Nevertheless, when Caleb uttered those words (or something similar), he managed to recruit two victims…err….volunteers. While the participants’ eyes were closed, Caleb unveiled the tiniest of jars. Note that mischievous smile — another reason why you don’t agree to do these kind of things.
You’d think that gently warmed, pureed turkey would go down smooth as Jello. However, I think these good sports would slightly disagree!
As the evening progressed, Caleb had a few more tricks up his sleeve. This time, he didn’t ask for volunteers. Instead, he selected the victims.
Jacob, visiting from Indiana, received an unexpected lip makeover, while Brittany and Sheila, former interns visiting from Ohio and Iowa respectively, were called upon to join the fun, too.
The makeovers were of the outlandish variety, but Caleb’s lesson Friday evening was not.
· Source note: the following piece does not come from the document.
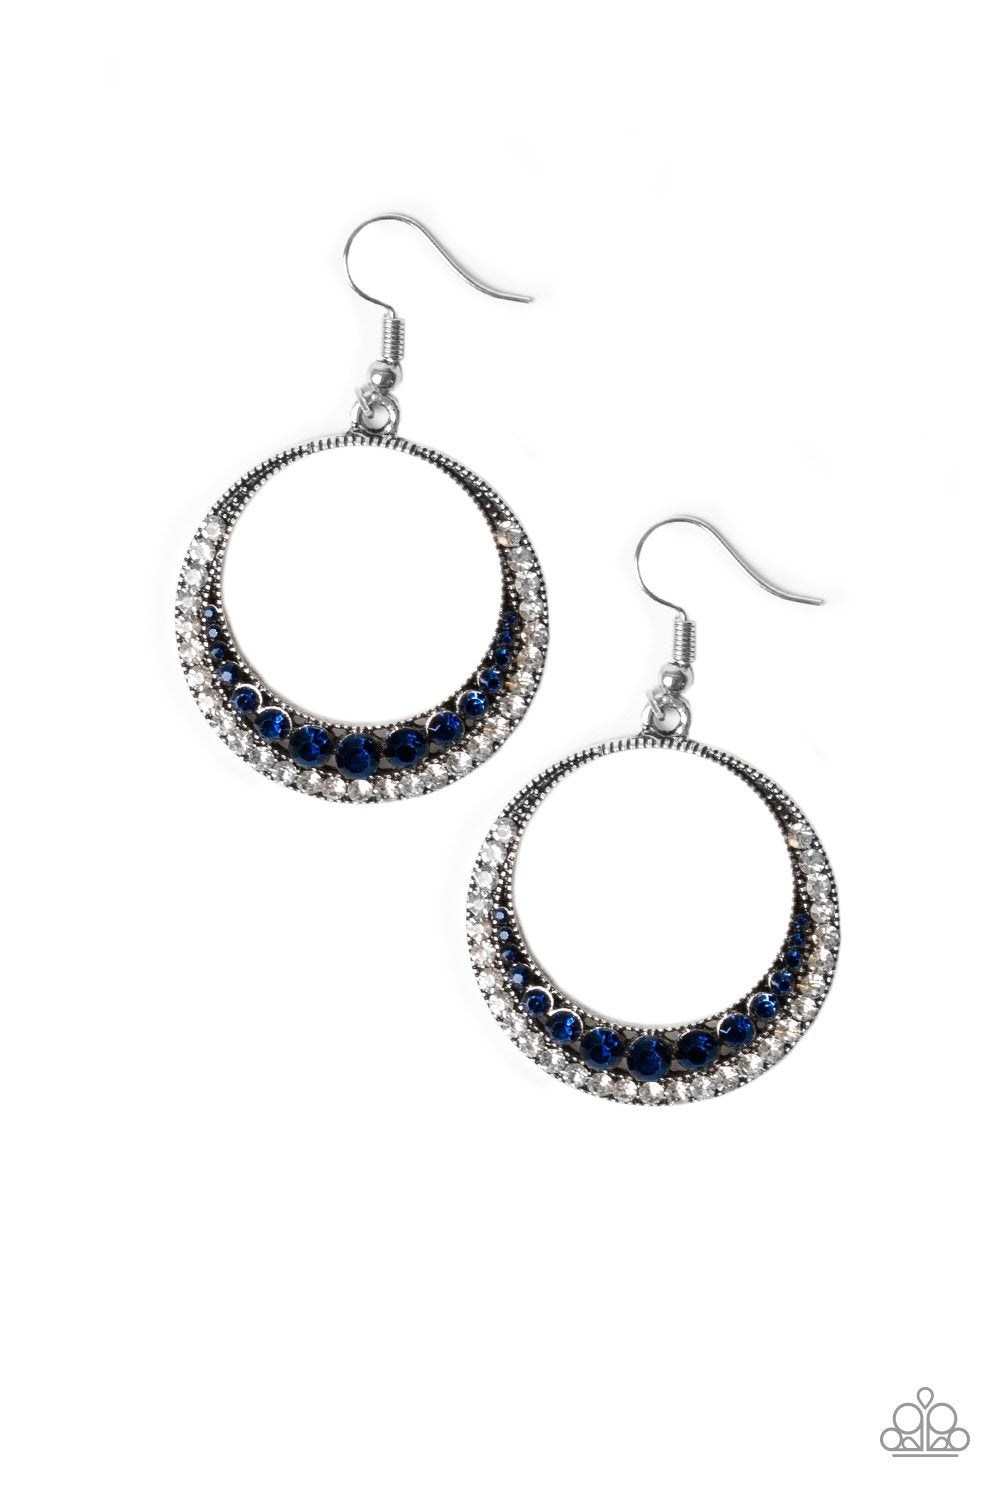 Demanding Dazzle Blue Rhinestone Earrings - Paparazzi Accessories-CarasShop.com - $5 Jewelry by Cara Jewels

He asked those in attendance, “Are you happy with who you are?”
He then shared from Genesis how God called His creation “very good.”
Very good even without
three coats of mascara or Van’s shoes or expensive jeans from the mall. It was a timely message, especially since the culture screams at youth (and at any age, really) that you must measure up to an often impossible
standard of beauty to be accepted and desired.
Fortunately, this little one isn’t too concerned with her looks yet…..just that Daddy let some perfectly good baby food go to waste on those ungrateful big people!